> YOUR GOAL
Check every line of the data for the word "from", and copy those that have it.

> TASK INPUTS
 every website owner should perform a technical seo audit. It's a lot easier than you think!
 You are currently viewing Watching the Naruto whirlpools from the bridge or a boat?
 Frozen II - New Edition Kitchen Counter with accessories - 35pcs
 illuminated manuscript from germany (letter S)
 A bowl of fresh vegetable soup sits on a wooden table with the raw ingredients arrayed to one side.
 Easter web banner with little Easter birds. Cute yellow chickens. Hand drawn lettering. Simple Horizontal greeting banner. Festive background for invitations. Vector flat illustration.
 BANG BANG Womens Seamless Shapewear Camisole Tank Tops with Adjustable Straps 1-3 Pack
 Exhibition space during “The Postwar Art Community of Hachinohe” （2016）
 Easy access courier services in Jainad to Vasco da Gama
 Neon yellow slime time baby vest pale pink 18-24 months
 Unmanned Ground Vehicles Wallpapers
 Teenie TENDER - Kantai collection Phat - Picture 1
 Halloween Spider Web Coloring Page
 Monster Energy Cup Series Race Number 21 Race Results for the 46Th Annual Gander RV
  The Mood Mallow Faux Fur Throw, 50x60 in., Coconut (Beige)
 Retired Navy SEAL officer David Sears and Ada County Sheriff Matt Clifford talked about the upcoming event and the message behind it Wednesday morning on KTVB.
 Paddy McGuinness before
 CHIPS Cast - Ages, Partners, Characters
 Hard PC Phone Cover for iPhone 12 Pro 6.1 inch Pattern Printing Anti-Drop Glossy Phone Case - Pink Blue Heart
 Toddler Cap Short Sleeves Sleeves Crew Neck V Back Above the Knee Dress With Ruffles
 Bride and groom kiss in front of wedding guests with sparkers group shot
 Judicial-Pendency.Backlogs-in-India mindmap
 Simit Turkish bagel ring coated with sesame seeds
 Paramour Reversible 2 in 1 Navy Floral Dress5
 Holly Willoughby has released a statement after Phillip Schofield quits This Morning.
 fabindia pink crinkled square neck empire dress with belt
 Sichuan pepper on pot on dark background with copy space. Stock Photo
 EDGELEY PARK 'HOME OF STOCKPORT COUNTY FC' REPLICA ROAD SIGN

> OUTPUT
 You are currently viewing Watching the Naruto whirlpools from the bridge or a boat?
 illuminated manuscript from germany (letter S)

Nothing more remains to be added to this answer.